Sin embargo, el sistema de serenos resultaba limitado frente a una ciudad en crecimiento. Por esto, durante el gobierno de Manuel Bulnes (1841-1851), el “Cuerpo de Serenos” (vigilantes nocturnos) fue reestructurado y formalizado para asegurar el orden público. En 1850, bajo su administración, se precipitó la fusión de los serenos con los vigilantes, creando la “Brigada de Policía”, una institución que operaba las 24 horas del día.

“Antes de 1927 no existía una policía unificada como la conocemos hoy. En ciudades como Chillán operaban distintas formas de vigilancia, como los serenos y luego la Policía Fiscal, que respondían a necesidades muy concretas de control del espacio urbano”, explican desde el Museo de Carabineros.

A diferencia de los serenos, la Policía Fiscal tenía una presencia más activa en la vida diaria. Sus agentes intervenían en situaciones de ebriedad, riñas y alteraciones del orden público, reflejando una forma de control estrechamente ligada a la calle.

Es en este contexto donde la fotografía de 1920 cobra especial relevancia.

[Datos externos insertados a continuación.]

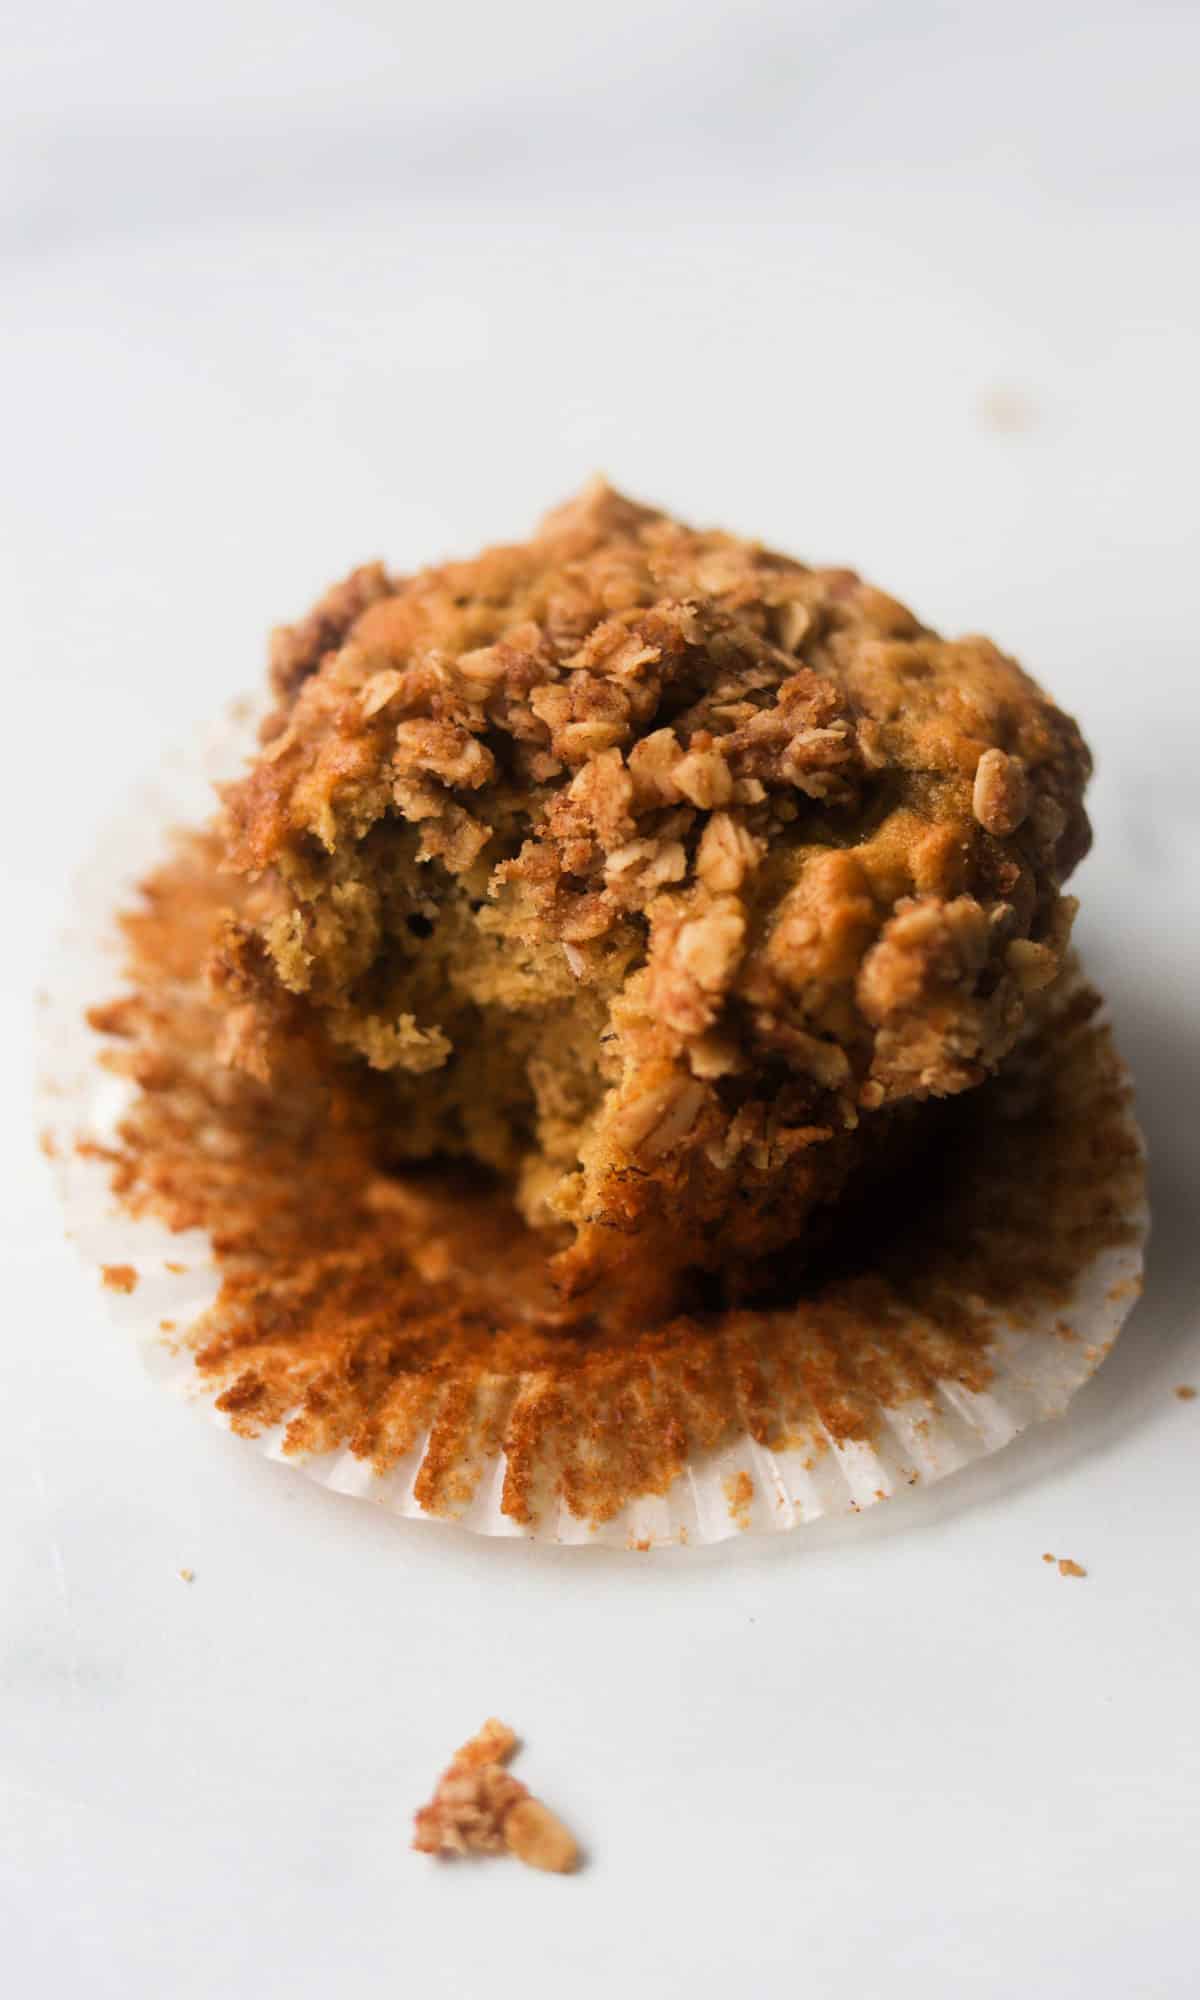 A side shot of a muffin with a bite taken out of it.

Más que un registro policial, la imagen funciona como un documento social que permite observar cómo se ejercía la autoridad en una ciudad aún en proceso de modernización.

La escena también da cuenta de las limitaciones de un sistema fragmentado, con escasos recursos y sin una estructura nacional consolidada, donde la presencia física del agente era el principal instrumento de control.

Este escenario cambiaría de manera decisiva en 1927, cuando bajo el gobierno del general Carlos Ibáñez del Campo se creó Carabineros de Chile, unificando las distintas policías existentes en una sola institución de carácter nacional.

“La creación de Carabineros responde a la necesidad de profesionalizar y organizar un sistema que hasta entonces era disperso”, agregan desde la misma institución.

Con ello, el país avanzó hacia una estructura más centralizada y organizada, marcando el inicio de una nueva etapa en la historia del orden público.

A casi un siglo de ese proceso, la imagen captada por Dorlhiac en 1920 vuelve a cobrar vigencia, no solo como registro visual, sino como testimonio de una época en que la seguridad en Chillán se construía desde la cercanía, la precariedad y la presencia directa en las calles.